My printer appears to be "dead" with no light showing. Someone suggested i should check fuse in plug. This is marked 10 Amp but I cannot find such a fuse. Only 15 Amp fuse and ones lower than 10 are available. No one in these shops nowadays seem to have much knowledge as to whether it is ok to put a 15 amp fuse in the socket.  any help much appreciated.


----------



## PaddyBloggit (2 Aug 2011)

..


----------



## SparkRite (2 Aug 2011)

dewdrop said:


> My printer appears to be "dead" with no light showing. Someone suggested i should check fuse in plug. This is marked 10 Amp but I cannot find such a fuse. Only 15 Amp fuse and ones lower than 10 are available. No one in these shops nowadays seem to have much knowledge as to whether it is ok to put a 15 amp fuse in the socket.  any help much appreciated.



Thats a new one on me, a 15Amp plugtop fuse, what colour was it?

*Never* put in a higher rated fuse than the one supplied, if you cannot get the proper rated fuse then you must install a lower rated one.

Popular plugtop fuses are :- 13, 10, 5, 3 amp


----------



## dewdrop (3 Aug 2011)

sorry i should have said 13 amp instead of 15 and thanks for the advice re a lower amp fuse


----------



## JoeB (3 Aug 2011)

I have never seen a 10A fuse, but I have just pruchased a garden extension lead rated for 10A, so it might have a 10A fuse in it.

I think a printer should be ok with a 5A fuse.
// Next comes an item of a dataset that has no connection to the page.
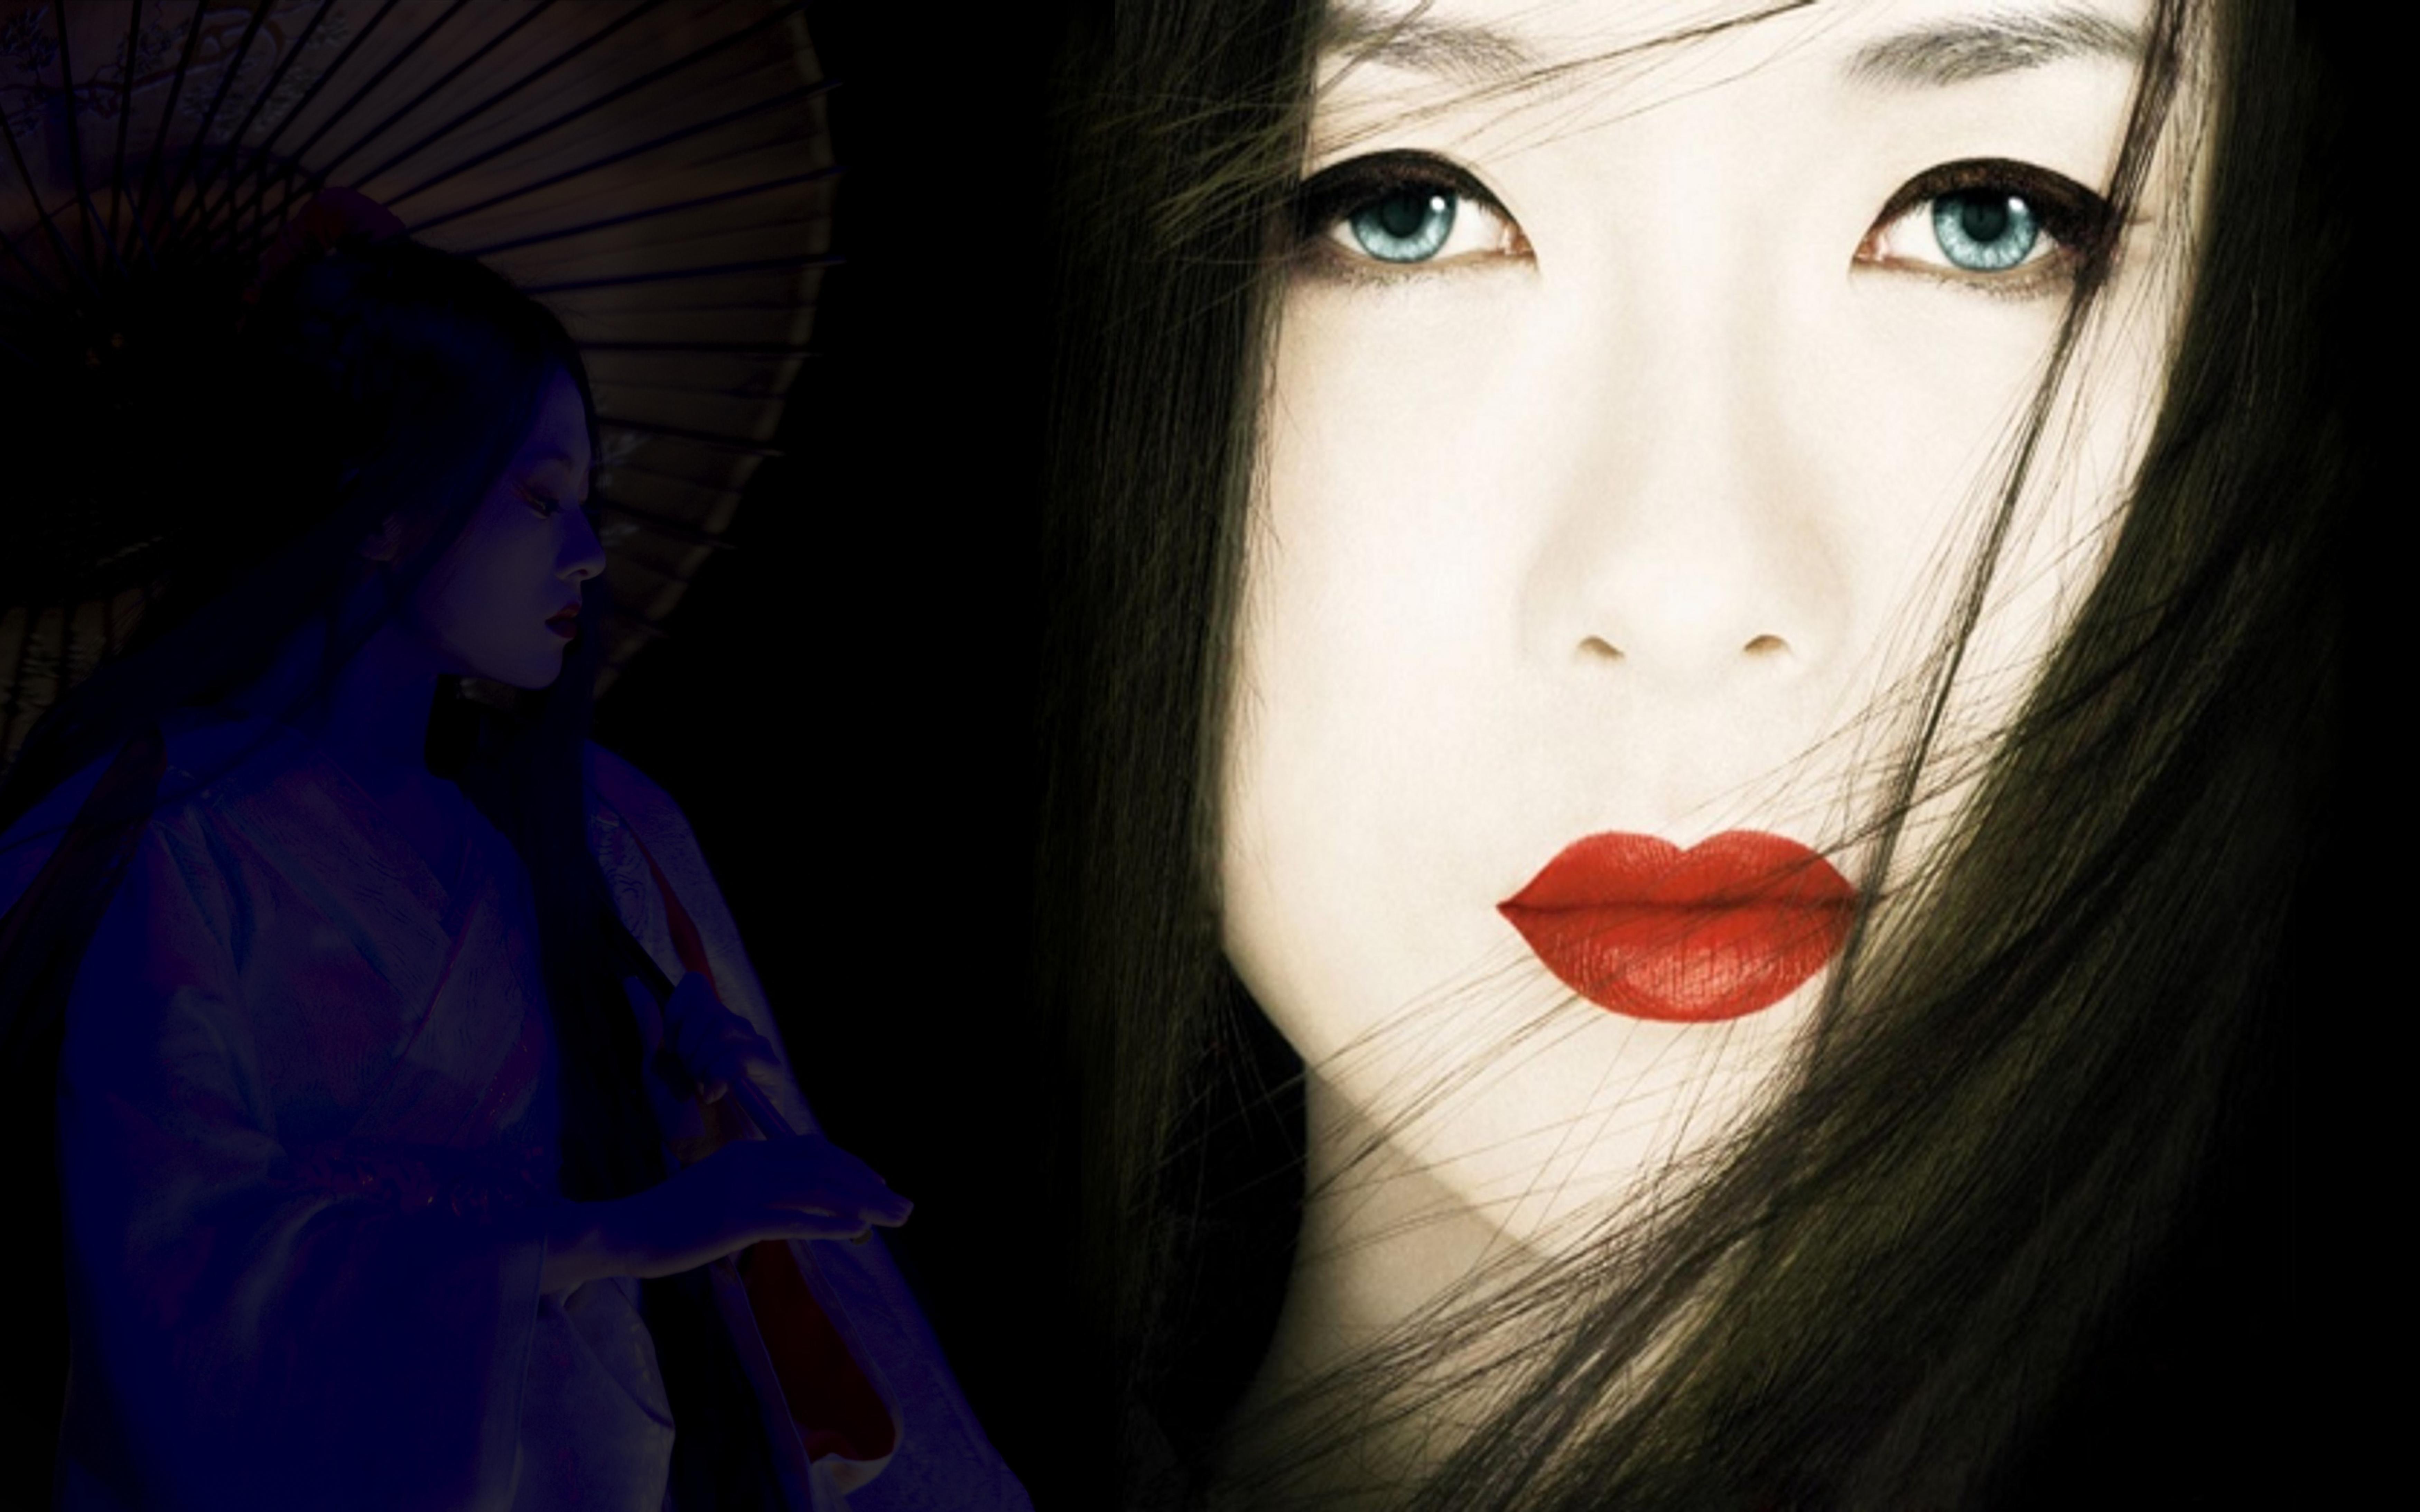 100 Years Of Japanese Beauty From Geisha to Harajuku 7000x4375

If you get to a electrical wholesaler type shop they'd have a pack of ten fuses for less than 2 Euro., they might not sell individual ones.


----------



## SparkRite (3 Aug 2011)

JoeBallantin said:


> I have never seen a 10A fuse, but I have just pruchased a garden extension lead rated for 10A, so it might have a 10A fuse in it.
> 
> I think a printer should be ok with a 5A fuse. If you get to a electrical wholesaler type shop they'd have a pack of ten fuses for less than 2 Euro., they might not sell individual ones.



Not that common, but exists all the same............

http://www.meteorelectrical.com/fuses_plug-top-fuses_deta-10-amp-plug-top-fuse.html


  Absolutely re, a printer being OK with a 5A fuse, or even a 3A one, remember the plugtop fuse is there to protect the cable and *not* the device.


----------